A British golf vacation can be a trip of a lifetime. Make sure that you get the most enjoyment possible out of your golfing vacation by familiarizing yourself with the way golf is played in Britain before you go, bringing the right clothes, having your golf clubs shipped directly to your hotel ahead of time, and being prepared to walk the course.
Know the differences between British and American golf rules
The rules and the strategies in golf are somewhat different in Britain than they are in the United States. For one thing, British courses aren’t the perfectly-manicured landscapes that you find in America. They are harsher, with high grass, rocks, quirky greens, and uneven spots that become part of the hazards and the strategy. The pace is also generally quicker. Although most golfers walk the course in Britain, they play more consistently and finish faster. Most British golfers consider carts to be an unnecessary distraction.
Respect the wind
Understanding the winds in Britain is another key factor in having a good round there. In general, you’ll want to keep your ball lower to the ground in Britain than you would back home since high winds can quickly change the trajectory of a high, lobbing tee shot. Lastly, golf is much more of a community sport in Britain than in the United States. Far from being the exclusive sport it is in the U.S., the everyday citizen is welcomed onto the majority of Britain’s most challenging and historic courses. Here, you’re just as likely to be playing behind the local shopkeeper as the head of the local bank.
Be prepared for all kinds of weather
The British reputation for cloudy, rainy weather is well earned, and the temperature can change quickly. Most courses stay open in all but the most severe storms, so it’s important to bring a water-repellant jacket and a warm sweater with you, so you won’t have to exit the course in the middle of a round because you’re not dressed appropriately.
Ship your golf clubs ahead
Perhaps the surest way to ruin a golf vacation is for your clubs not to arrive on time.
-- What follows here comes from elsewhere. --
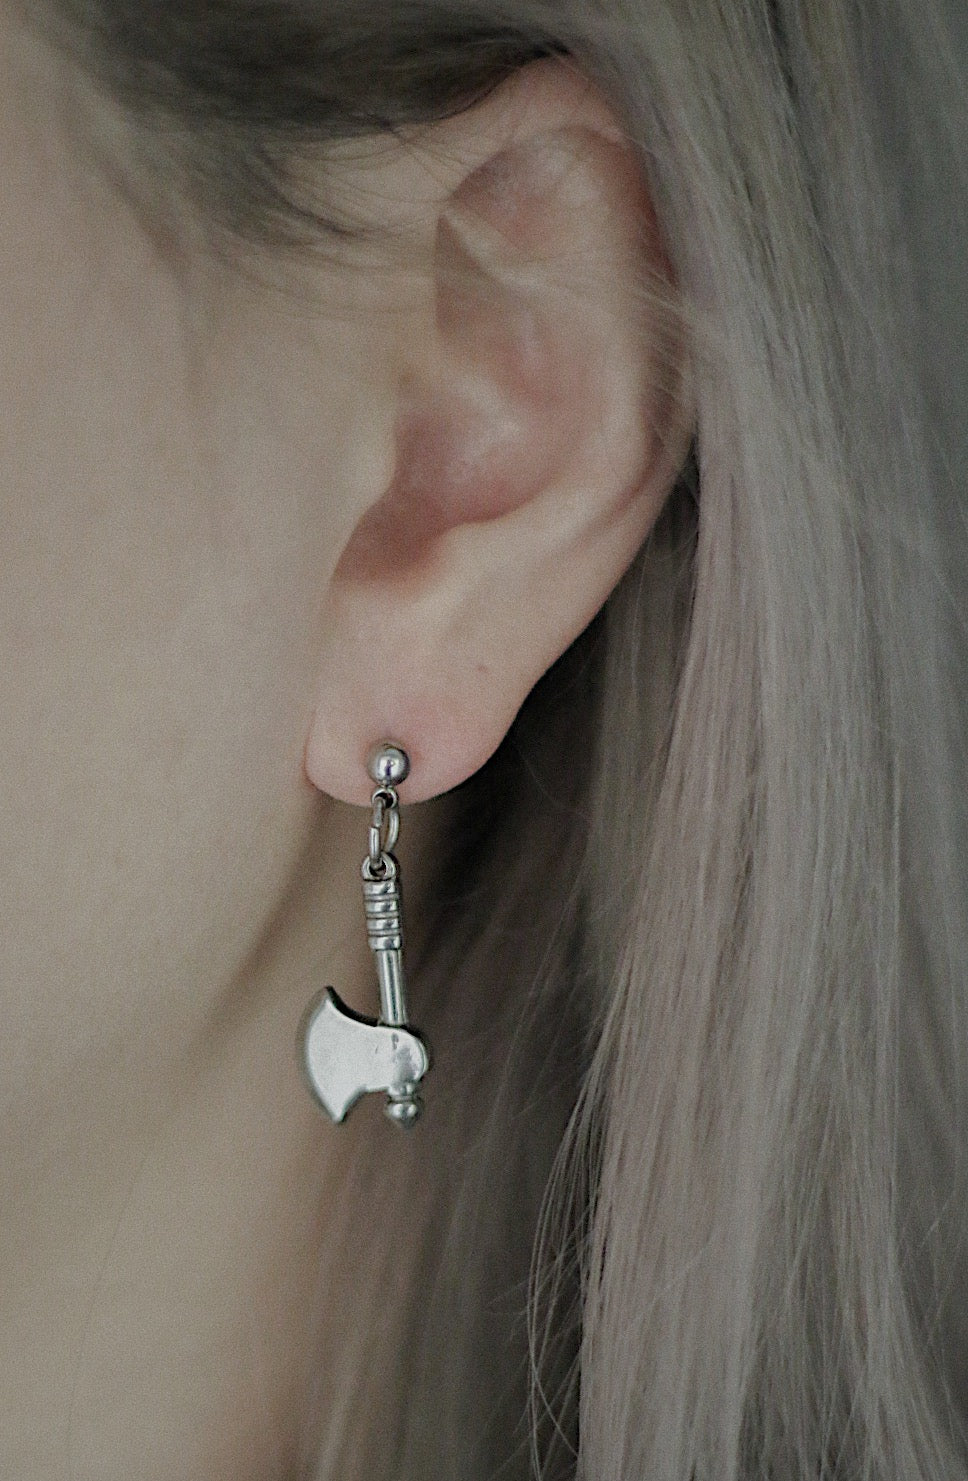 Monora Gothic *Mr.axe* Stud Earring

Sure, you can rent clubs, but not only is it expensive, renting is just not the same as playing with your own set of clubs. Plus, you have to get used to a different set at each course. You can avoid this scenario by having your golf clubs shipped directly to your hotel ahead of your arrival. This way you can be ready to hit the links the minute you arrive. Shipping golf clubs to Britain is affordable, convenient, and easy. Companies like Luggage Forward will even guarantee delivery on a specific day.
Don’t try and play every course
Trying to play every course in England and/or Scotland is a fool’s game. There are simply too many great courses to play in just one vacation. A better plan would be to pick one region and play just a few courses there. And, of course, if you only have time for one course, most golf enthusiasts and experts would advise you to make reservations for the Old Course at St. Andrews in Scotland. Not only is this one of the oldest golf courses in the world, but the Old Course at St. Andrews is one of the most challenging. St. Andrews is widely held to be the birthplace of golf, with play dating back to the early 1400s. This course has also hosted the Open Championship (also known as the British Open) 29 times.
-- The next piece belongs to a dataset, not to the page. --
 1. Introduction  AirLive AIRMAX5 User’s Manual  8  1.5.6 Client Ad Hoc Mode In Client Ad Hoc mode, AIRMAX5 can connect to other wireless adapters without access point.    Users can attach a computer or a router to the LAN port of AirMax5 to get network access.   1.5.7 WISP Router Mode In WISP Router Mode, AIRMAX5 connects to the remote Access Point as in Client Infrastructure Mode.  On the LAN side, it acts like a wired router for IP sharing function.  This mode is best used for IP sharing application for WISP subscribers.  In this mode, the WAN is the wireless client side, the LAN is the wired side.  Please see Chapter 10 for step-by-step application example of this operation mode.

Bring food and drink with you
Unlike most American golf courses, which have ample food and beverage facilities both on and off of the course, British courses usually have limited food facilities. Most courses only have food and beverage service away from the course, usually at the main clubhouse. If you’re the type of golfer who likes to nibble and drink while you play, you’ll need to bring your own supplies.
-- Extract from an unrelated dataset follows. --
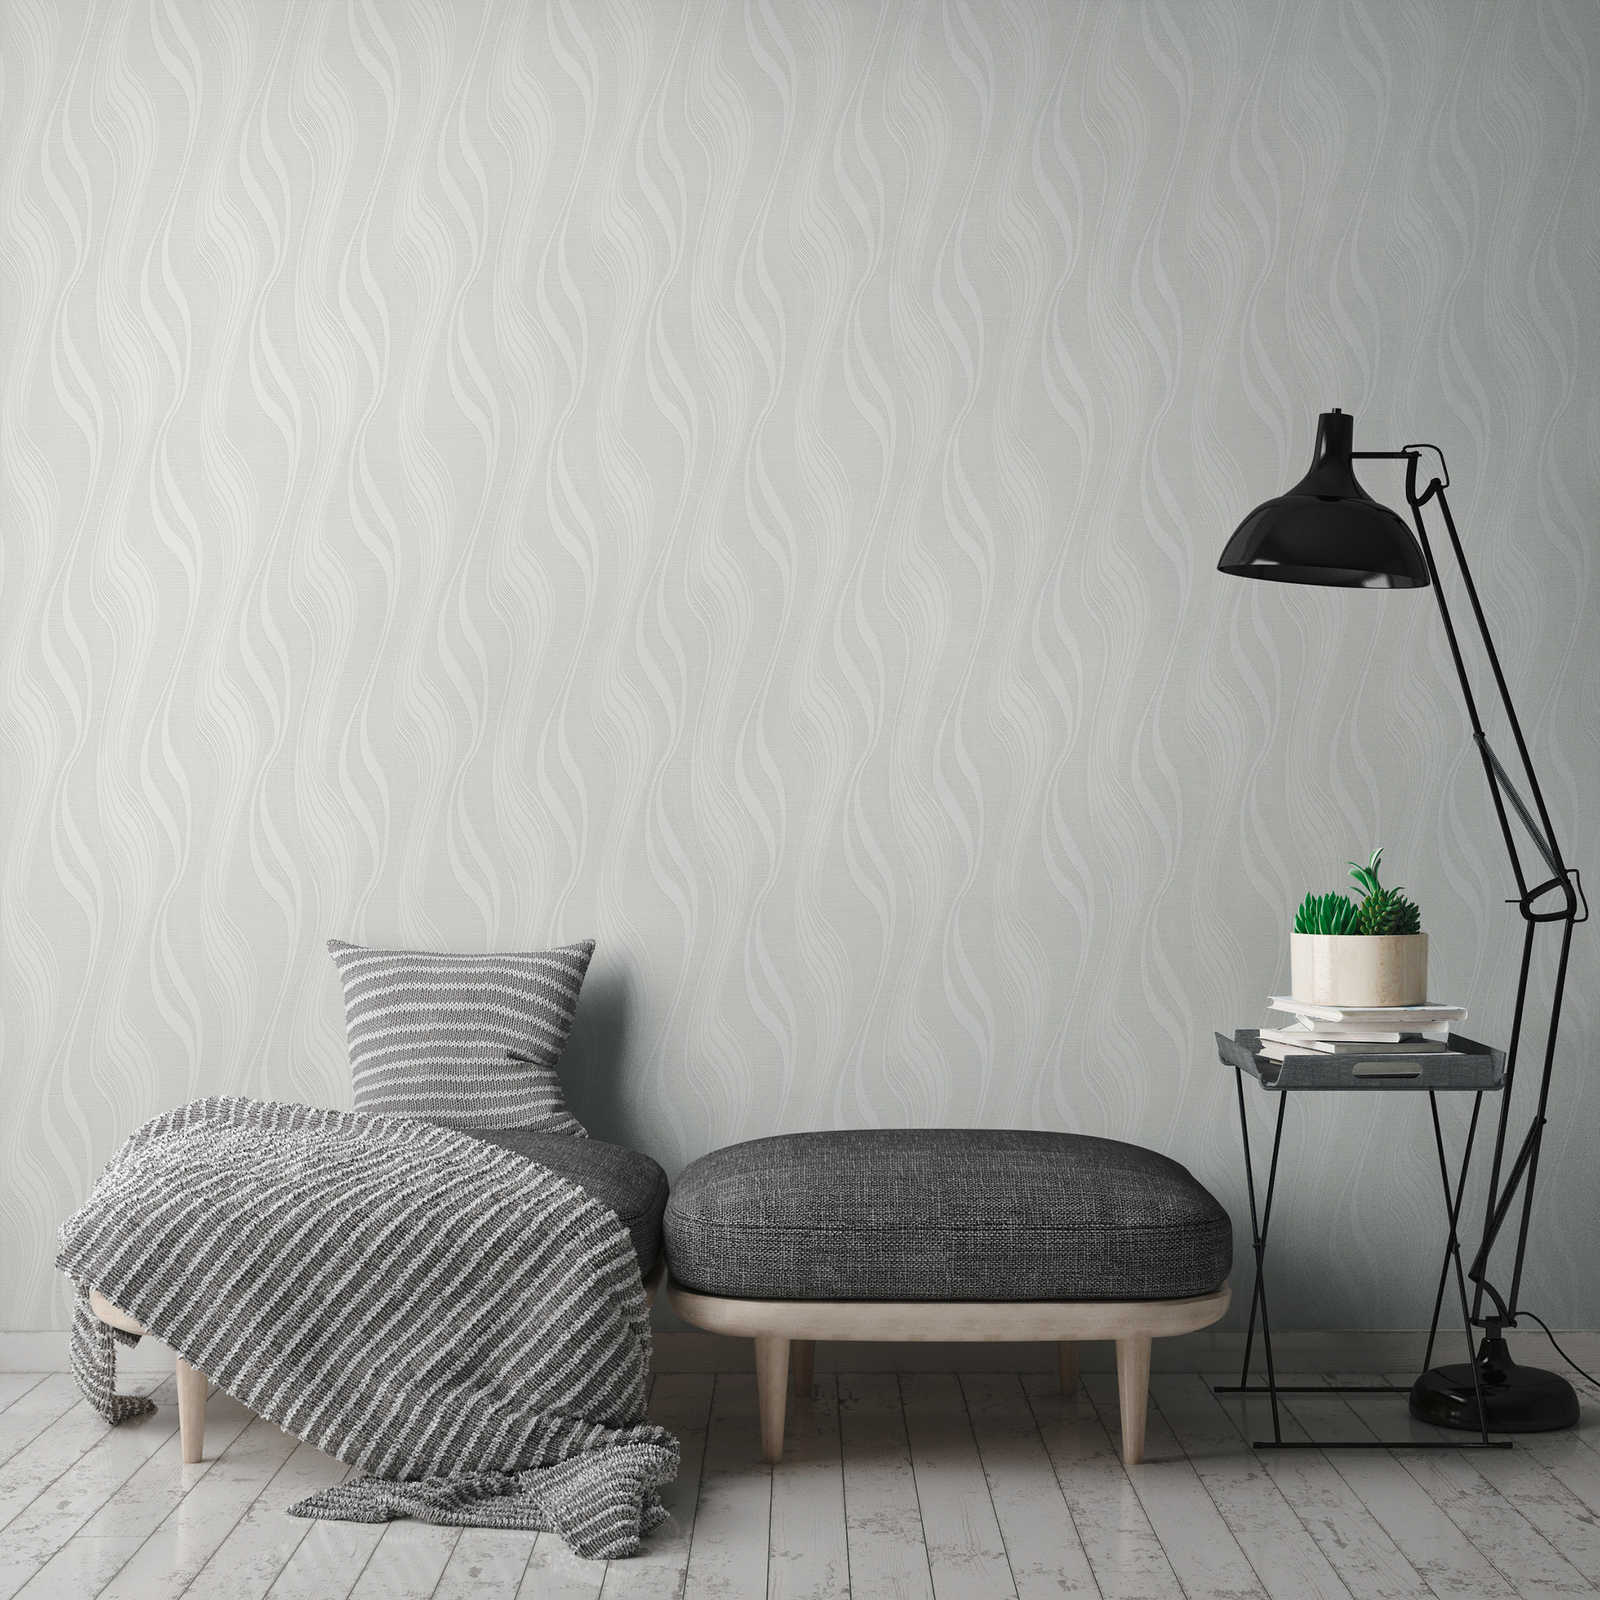             Wallpaper with organic line pattern and 3D effect - white

Don’t assume you’ll be able to get a cart on every course
Golf carts, called “buggies” in Britain, aren’t nearly as prevalent as they are in the United States. In fact, many courses don’t have them available at all. Golf is a walking game in Britain, so you either carry your clubs or hire a caddy. Caddies in Britain work independently from the course, so you’ll need to make arrangements in advance for someone to carry your clubs. You can’t just show up and expect to hire someone on the spot. Ask the course or your tour operator ahead of your arrival for a recommendation.
Ask about “all day play”
In Britain, many courses offer an “all day” rate that allows you to play the course a second time on the same day at a discount. Not only does this bring down the cost per round, but allows you a second chance at the course where you can apply what you learned during the first round.